DEFIANCE, now in its second season on Syfy Channel, concerns an Earth approximately thirty-five years after seven different types of aliens, known collectively as the Votan, crash-landed on Earth. The Votan have issues with each other, as well as with humans, who – as always – also have issues with one another.
At the same time the TV series DEFIANCE began airing, Trion launched its online videogame DEFIANCE, which has story and characters that synch up at various points with the show.
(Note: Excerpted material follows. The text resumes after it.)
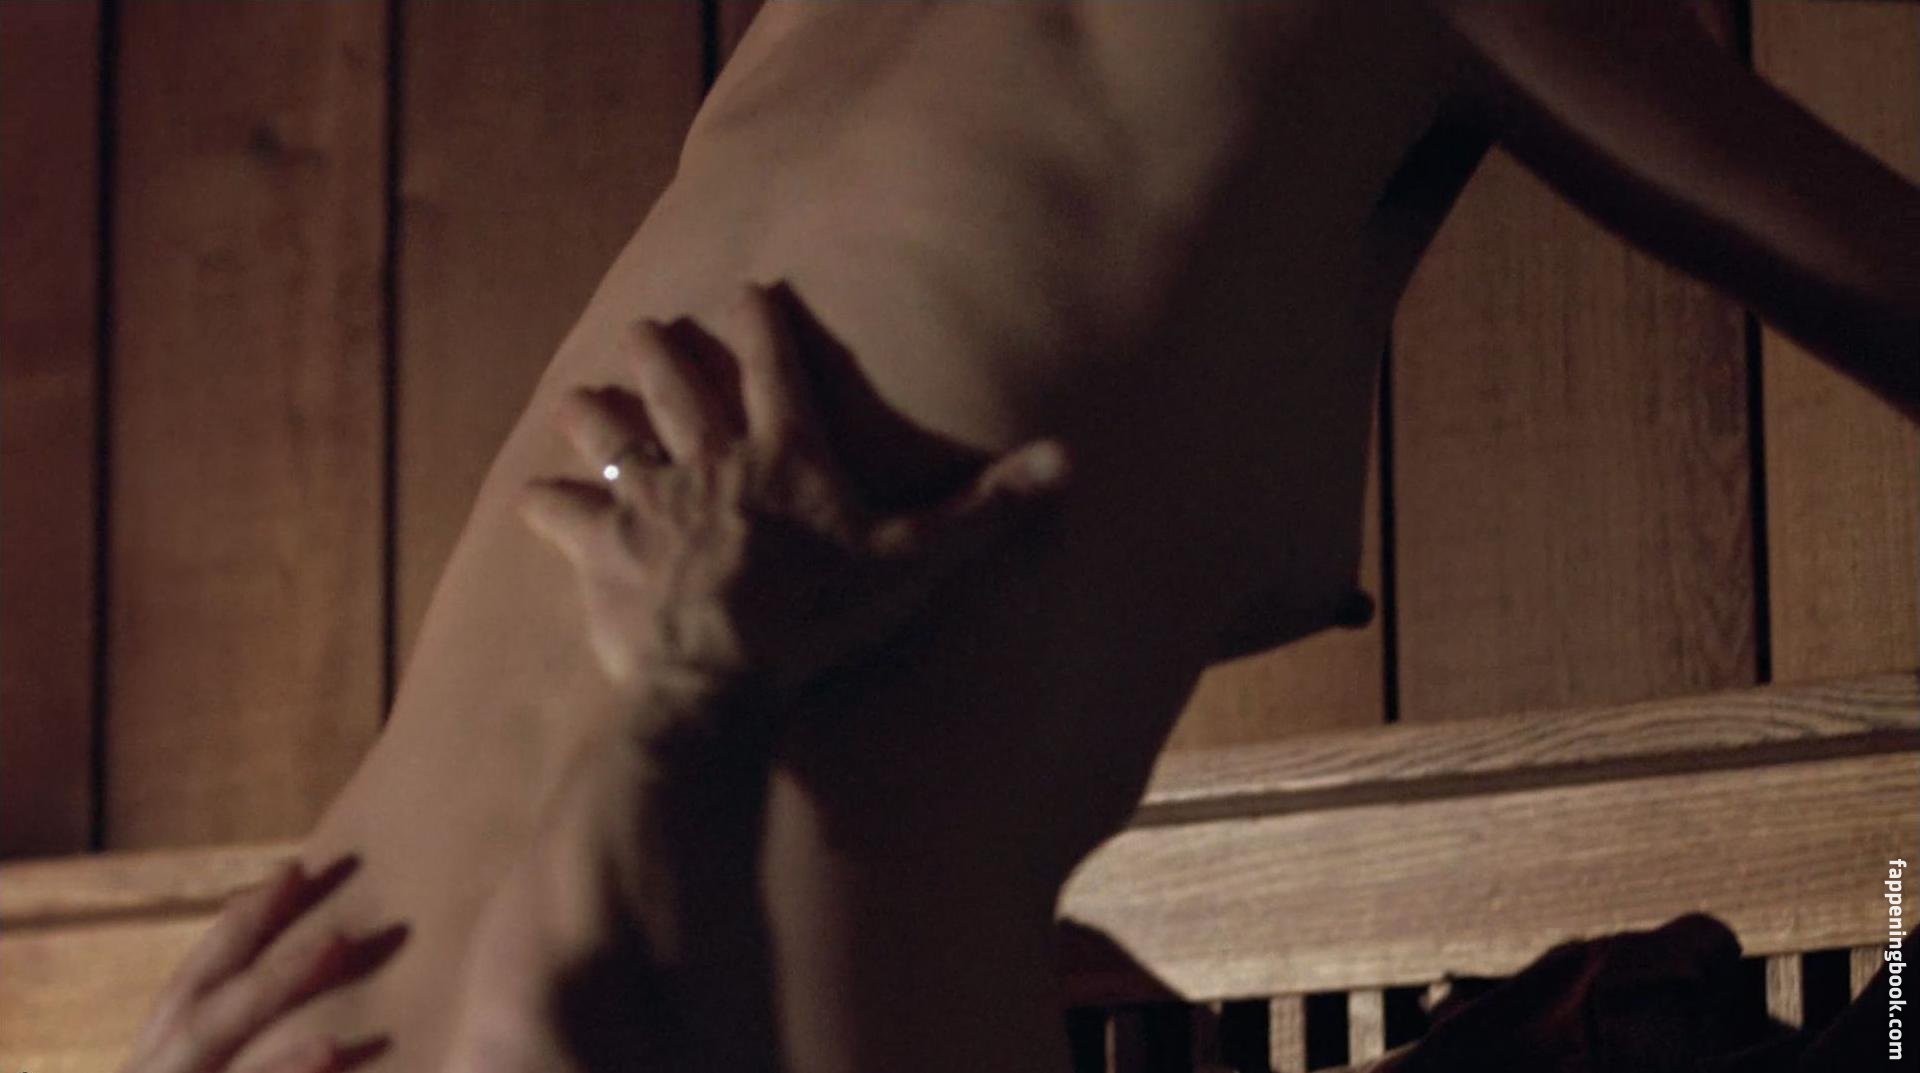 embeth davidtz nude sorted by. relevance.

This poses a unique challenge for both the TV creative staff and the videogame personnel.
DEFIANCE executive producer/co-creator/show runner Kevin Murphy, formerly of BATTLESTAR GALACTICA, is present at an all-day event NBC holds for the press. He takes time to talk about DEFIANCE’s origins, its relation to its videogame sibling, and much more.
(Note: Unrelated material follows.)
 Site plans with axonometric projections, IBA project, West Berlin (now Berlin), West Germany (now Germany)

AX: How did DEFIANCE started and how did it change when you came onto the project during its development?
KEVIN MURPHY: The original version was a little more of a closed-ended procedural, it was kind of more of a science-fiction crime of the week, and we were in the process of changing that when CULT got picked up and [original DEFIANCE co-creator/show runner] Rockne O’Bannon left. I then had a choice that I wasn’t sure that the show was going to work in the incarnation that it currently was in, and I didn’t want to have responsibility for something that didn’t work. So I gave Syfy a choice. I said, “I’ll transition you into your next show runner, and I’ll make sure that casting continues and produce the pilot, but I’m not going to stay on for the series unless I believe in the show.” And they were like, “Well, what would you want to do to it?” And it was basically, “Well, it involves getting rid of pretty much all the scripts, and let me give you my pitch.”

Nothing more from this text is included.